Authors: Mark Lokanan
Publishing Journal: Journal of Accounting Research and Accounting
Abstract: In the spring of 1997, the Supreme Court of Canada (“Court”) rendered a decision in Hercules Managements Ltd. v. Ernst & Young [1997] (“Hercules”) that left shareholders out in the cold. Ever since the verdict in Hercules was released, the audit profession has been shielded from being held liable to third parties in cases of negligent misrepresentation. In Hercules, the Court ruled that audited reports are meant to inform management and creditors, but not for shareholders to make personal decisions.
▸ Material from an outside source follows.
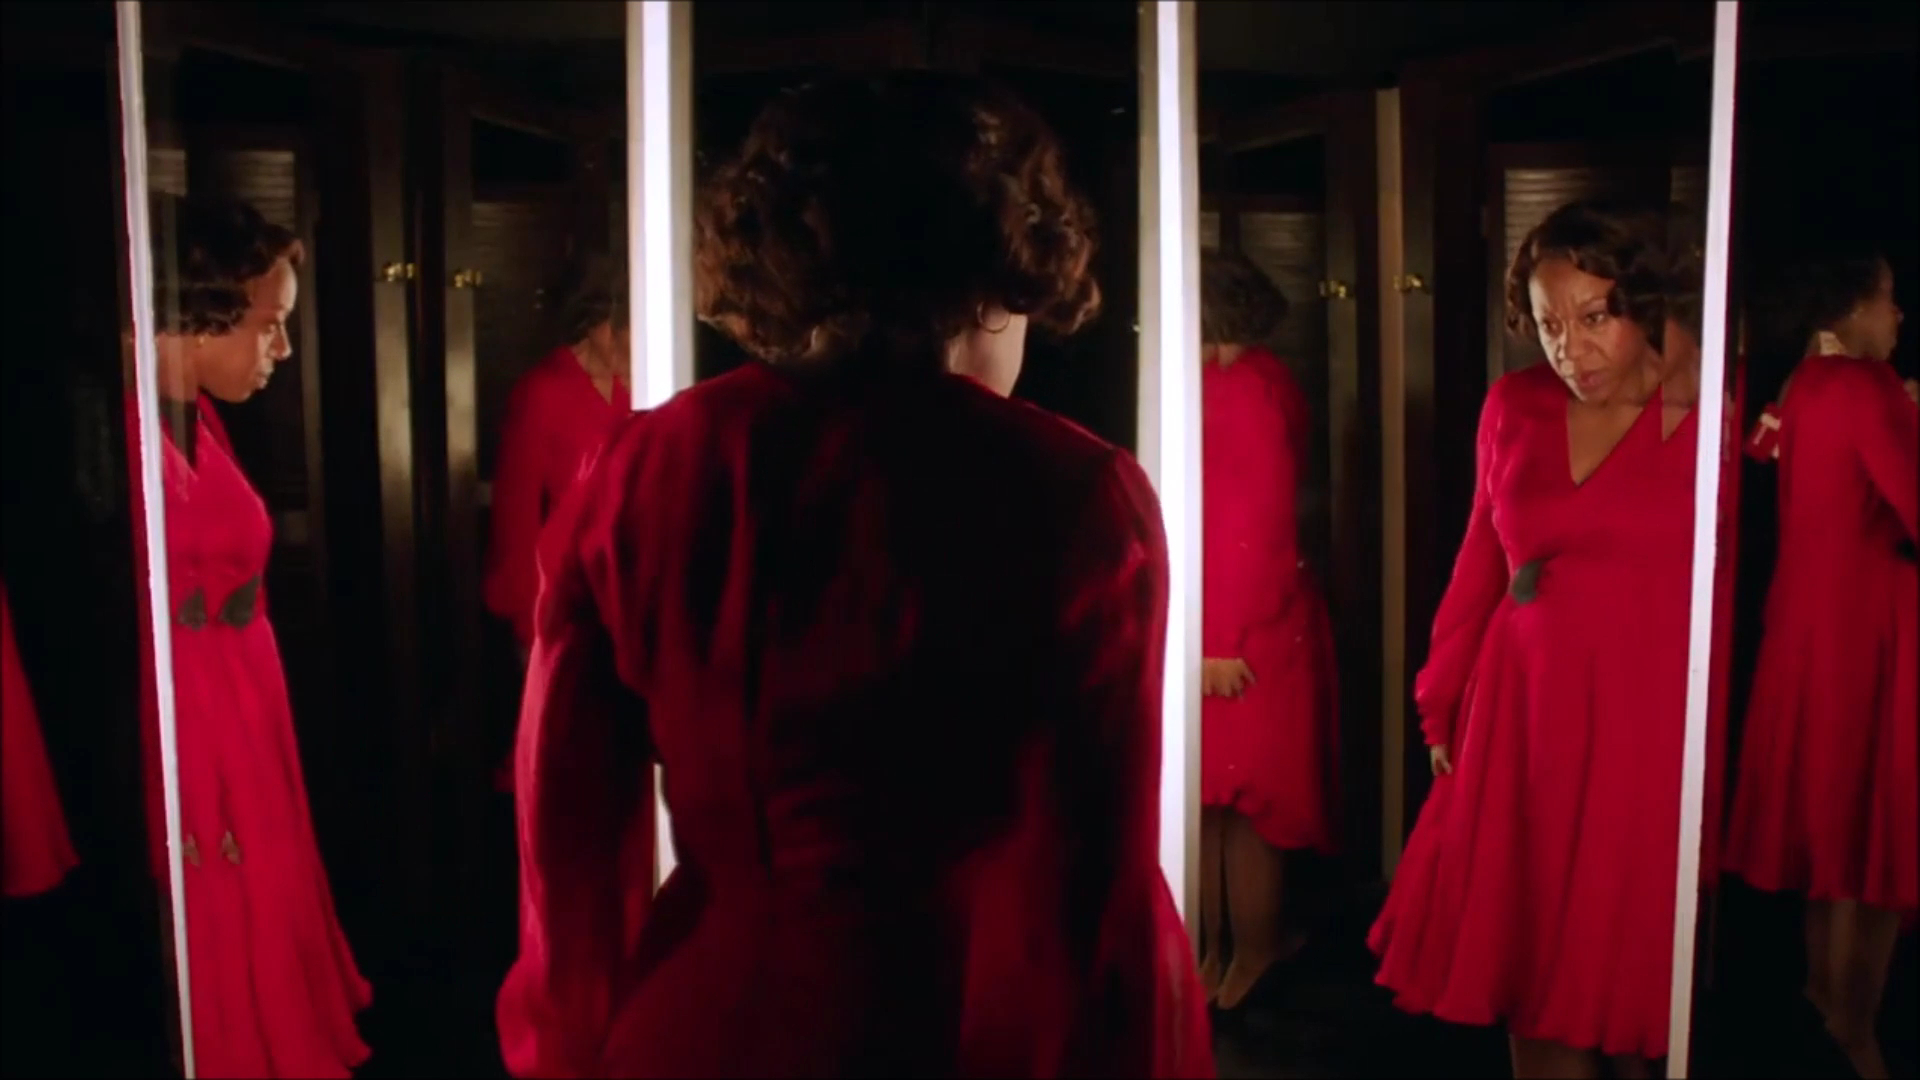 Marianne Jean-Baptiste trying on a red dress in front of multiple mirrors.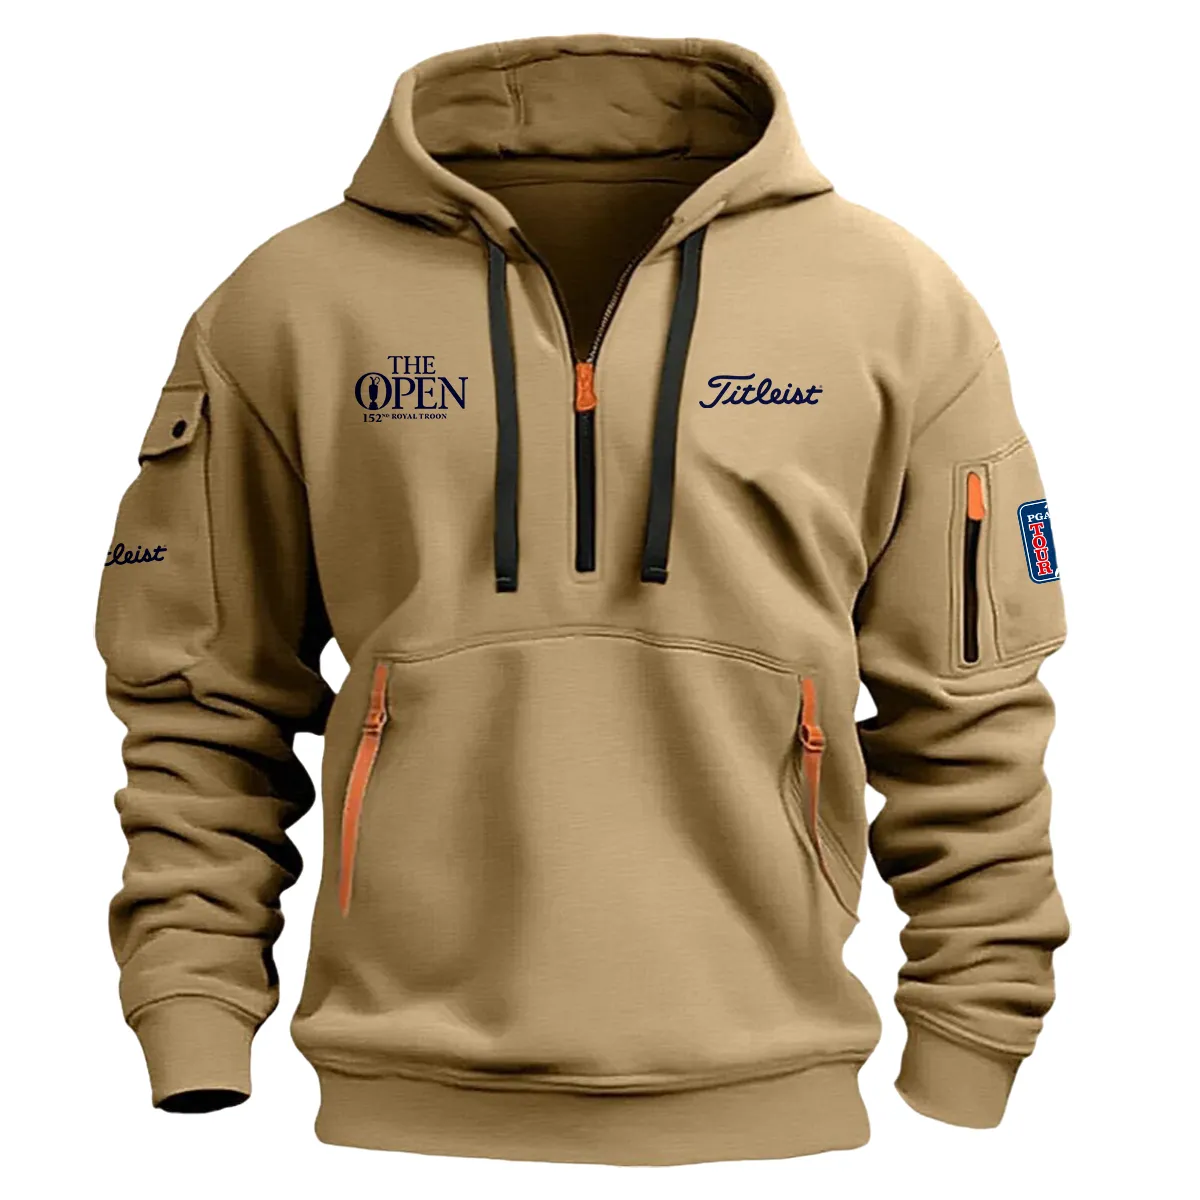 Khaki Color Titleist Fashion Hoodie Half Zipper 152nd The Open Championship Gift For Fans

The Hercules’ ruling was labelled a “national embarrassment” and exposes investors to even more aggressive accounting techniques. As is evident from the spate of corporate accounting frauds since the verdict in 1997, Canadian corporations and their auditors found it easier to sidestep accounting rules to produce financial statements that make their companies look healthier, when in actual fact they were downright toxic. Accordingly, the study of auditors’ liability to third parties has a growing importance. In this paper, I argue that the Court’s endorsement in Hercules has set a dangerous precedent to limit the liability owed by auditors towards shareholders in preparing financial reports. The paper shows how the discourse from Hercules has been disseminated and consumed by the audit profession and corporate enterprises to the detriment of shareholders. The paper emphasizes the residing significance of the auditors to use the discourse in Hercules to privilege their clients’ interests and background the interests of non-contractual third parties.